Togo et Russie : une coopération militaire discrète mais stratégique

Togo et Russie : une coopération militaire discrète mais stratégique

Togo et Russie : une coopération militaire discrète mais stratégique

Le Togo, longtemps perçu comme un acteur stable en Afrique de l’Ouest, multiplie les initiatives pour renforcer sa sécurité face à la montée des groupes armés dans le Sahel. Parmi ces stratégies, Lomé a discrètement ouvert ses portes à des partenaires militaires étrangers, notamment la Russie et son Africa Corps, ainsi que la Turquie. Une approche qui soulève des questions sur les alliances régionales et les enjeux géopolitiques du continent.

Vue aérienne de la base de Dihiaga, dans la région des Savanes, début 2024.

Des alliances stratégiques pour sécuriser le Sahel

Le Togo renforce discrètement sa position dans la lutte contre l’insécurité au Sahel. Entre soutien aérien, aide militaire et partenariats discrets, Lomé diversifie ses alliances pour garantir sa sécurité et celle de sa région. Une stratégie qui s’intensifie depuis 2025.

Un renforcement des capacités militaires face aux menaces jihadistes

Depuis plusieurs années, le Togo fait face à une pression croissante des groupes armés opérant dans les pays voisins du Sahel. Pour y répondre, le gouvernement togolais a opté pour une approche multiforme, combinant alliances locales et partenariats internationaux. Parmi les acteurs sollicités, la Russie et son Africa Corps occupent désormais une place centrale.

Contrairement aux idées reçues, Lomé n’a pas attendu les récents bouleversements régionaux pour envisager une collaboration avec Moscou. Dès 2025, des discussions secrètes ont abouti à l’envoi de conseillers militaires russes sur place. Leur mission ? Former les forces togolaises et renforcer les infrastructures de défense, notamment dans les zones frontalières.

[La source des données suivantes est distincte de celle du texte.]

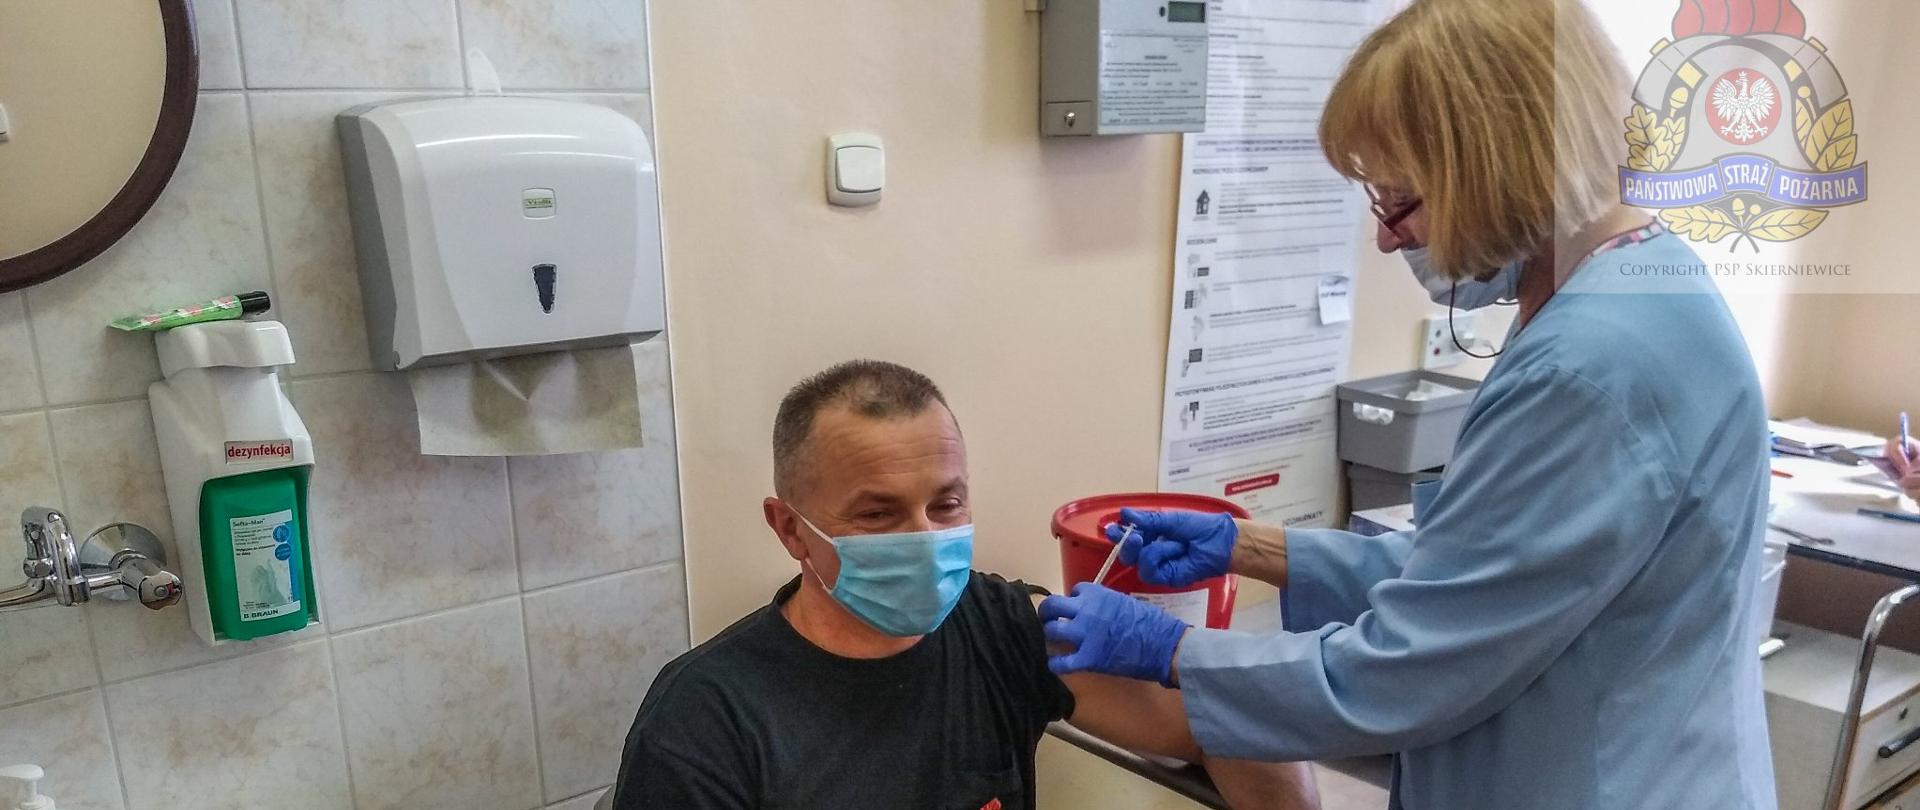 Szczepienie funkcjonariusza PSP w szpitalu w Skierniewicach

La Turquie, un acteur clé dans la lutte contre le terrorisme

Parallèlement, le Togo a également tourné son regard vers Ankara. La Turquie, déjà présente en Afrique avec des bases logistiques et des missions de formation, a proposé son expertise pour moderniser l’armée togolaise. Ce partenariat inclut notamment l’acquisition de drones et de systèmes de surveillance avancés, essentiels pour contrer les mouvements des groupes jihadistes.

Ces collaborations ne se limitent pas à des échanges techniques. Des bases militaires discrètes ont été identifiées dans des zones stratégiques, comme celle de Dihiaga, dans la région des Savanes. Ces installations, initialement destinées à la lutte antiterroriste, servent désormais de plateformes pour des exercices conjoints avec les forces locales.

Faure Gnassingbé et la stratégie de souveraineté régionale

Au cœur de cette dynamique, le président Faure Gnassingbé mise sur une politique de fermeté pour sécuriser son pays. En misant sur des alliances avec des puissances extérieures, il cherche à réduire la dépendance du Togo vis-à-vis des partenaires traditionnels de l’Occident. Une stratégie qui reflète les nouvelles priorités géopolitiques du pays en matière de défense.

Cette approche, bien que controversée, permet au Togo de se positionner comme un acteur incontournable dans la stabilisation du Sahel. Cependant, elle soulève des interrogations quant aux implications à long terme, notamment sur le plan diplomatique et économique.

Quels enjeux pour l’avenir du Togo et du Sahel ?

Les récents développements au Togo illustrent une tendance plus large en Afrique de l’Ouest : la recherche d’autonomie stratégique. En diversifiant ses partenariats militaires, Lomé envoie un signal fort à ses voisins et à ses partenaires traditionnels. Mais cette stratégie comporte des risques, notamment en matière de stabilité interne et de relations régionales.

Alors que les groupes armés continuent de menacer la sécurité des États du Sahel, la question se pose : ces alliances seront-elles suffisantes pour garantir une paix durable ? Une chose est sûre, le Togo a choisi de prendre son destin en main, quitte à bousculer les équilibres établis.